Drastic works and measures need to be implemented to solve the Limassol’s congestion problems, Mayor Nicos Nicolaides said.
The mayor was speaking on Monday at the third and last round of consultations with the public, during which the scientific and technical advisory chamber (Etek) presented results from two participatory workshops, as well as from a public questionnaire answered by 1045 people.
The pedestrianising of Anexartisias Street, Nicolaides reminded attendees, is part of the Sustainable Urban Mobility plan, the implementation of which would be “drastic, disruptive [would] make our lives difficult, [and] cause reactions,” the mayor said, but was nonetheless “absolutely necessary”.
The difficult but necessary measures are to be introduced so as not to bequeath the problem of congestion to future generations, Nicolaides said, stating “we must not and will not let the traffic drown our city.”

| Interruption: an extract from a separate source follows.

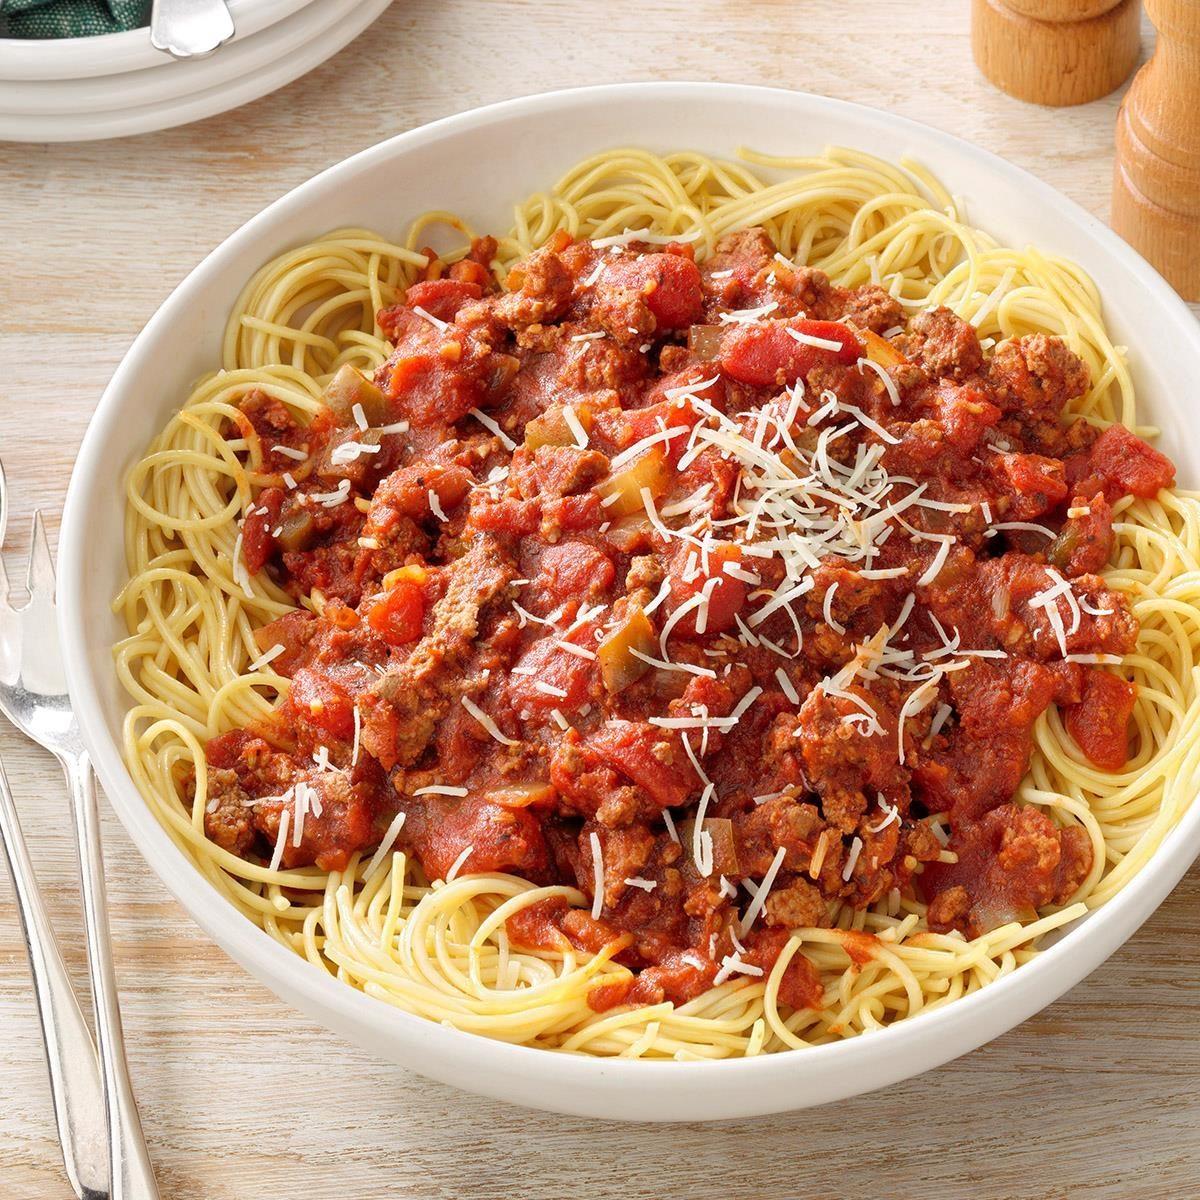 Meaty Spaghetti Sauce Exps Scsbz21 13849 B01 14 1b 3

Anexartisias Street is one of the most important commercial thoroughfares in Limassol and its pedestrianisation would inevitably have effects of economic, social, and environmental nature on the city centre and its surrounds, the mayor said.
The anticipated change is first essential step in creating “a different perception about city traffic”, Nicolaides added.

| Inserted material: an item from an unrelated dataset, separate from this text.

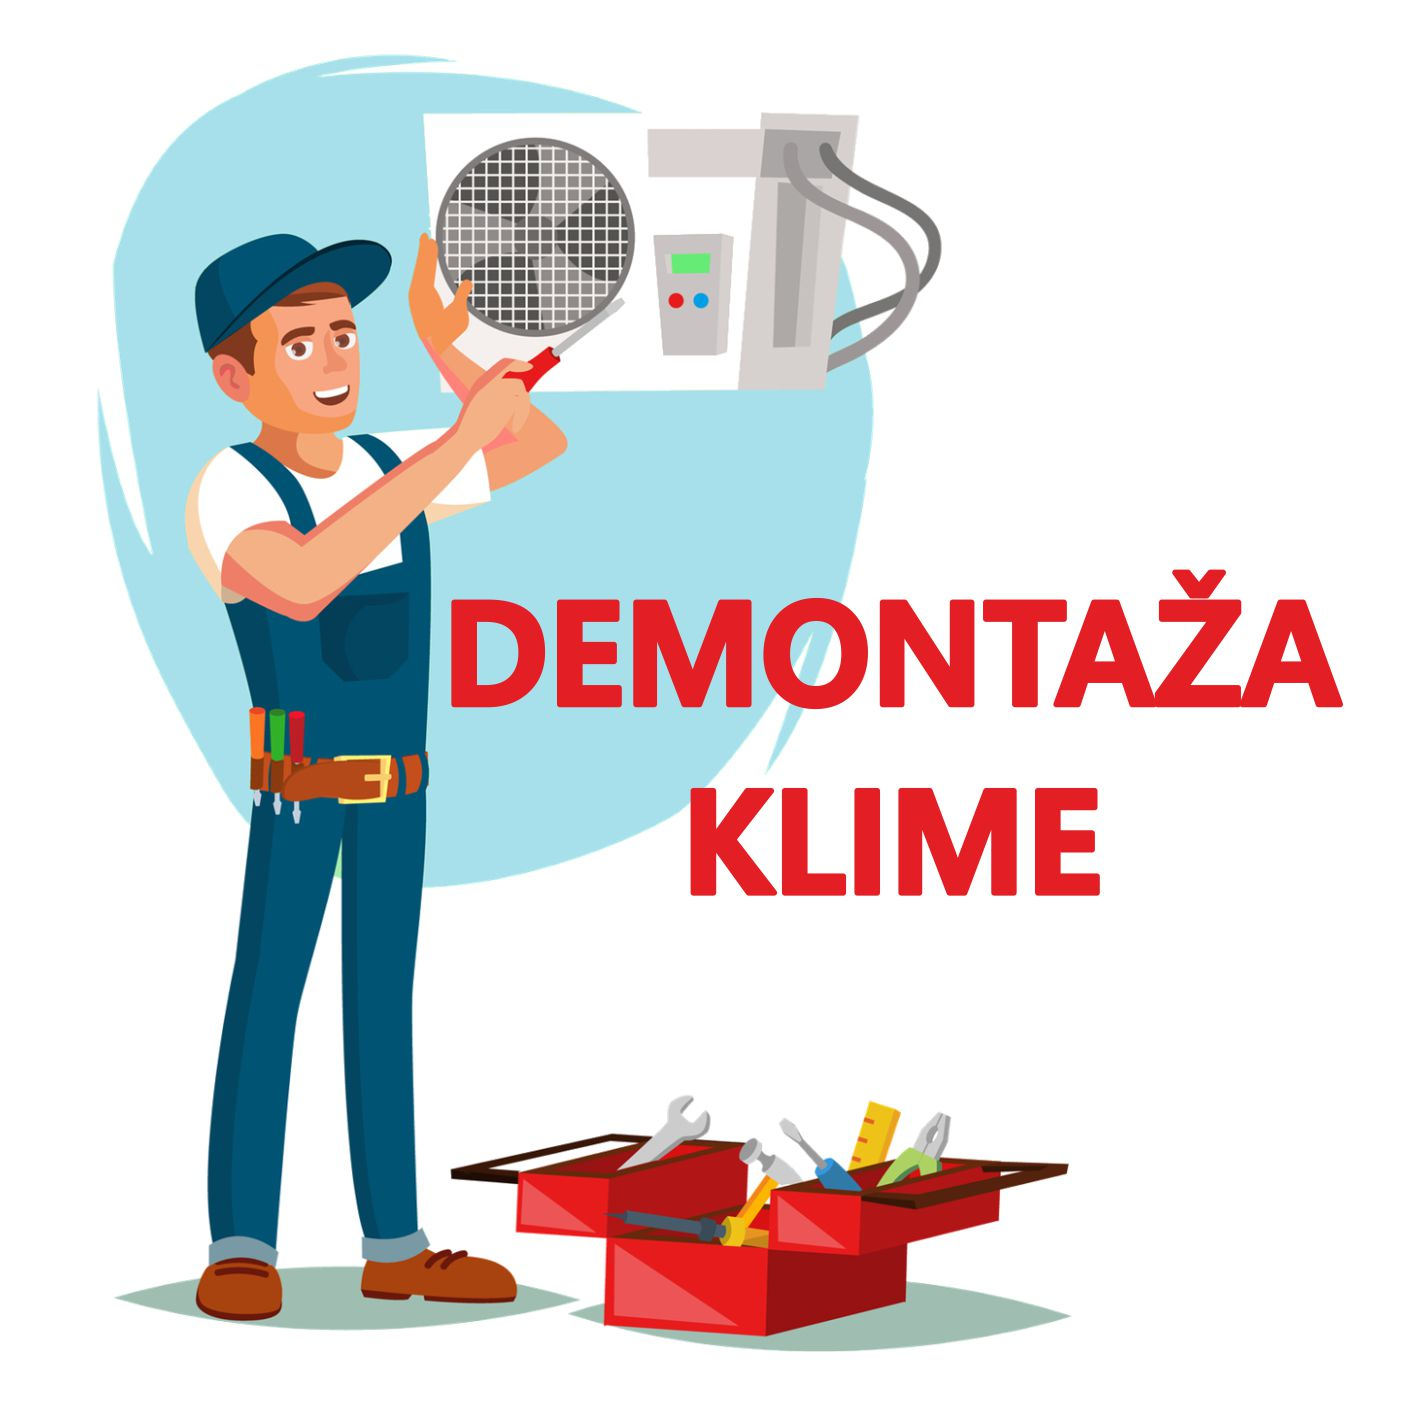 DEMONTAŽA KLIMA UREĐAJA SNAGE 4 - 6 kW

Securing ‘Park & Ride’ spaces, the mayor detailed, is the key for the success of public transport–and this in turn is the key for solving the traffic problem.
The two public workshops and the questionnaire were carried out in order for a proper recording of the views of the public to exist and is independent of final decisions on the proposed works, engineer, Gregoris Kalnis, who presented the findings, stated.
Participants expressed views upholding the need for safe accessibility for pedestrians and cyclists, as well as the need to reduce car traffic and air pollution, however, only five of 1045 participants in the questionnaire chose mass transportation as a solution. The vast majority (75.1 per cent) chose the car as their preferred means of transport.
In a question asking what they would change, 19 per cent of respondents answered the pedestrianisation of Anexartisias Street, 17 per cent suggested increasing greenery, and 11 per cent said increasing parking.
In a question on what they would like the municipality to take into account for the next planning stage, 15 per cent chose “safety, comfort, and accessibility for pedestrians and the disabled”, while 12 per cent said, “pedestrians and the creation of bike paths”. Tree planting and shading, were mentioned by 12 per cent of respondents, while 8 per cent mentioned an increase of organised parking lots.
The presentation was followed by a discussion during which some attendees expressed concern over the municipality’s intention to pedestrianise Anexartisias Street, particularly residents of the area, who worried that access to their homes would become problematic.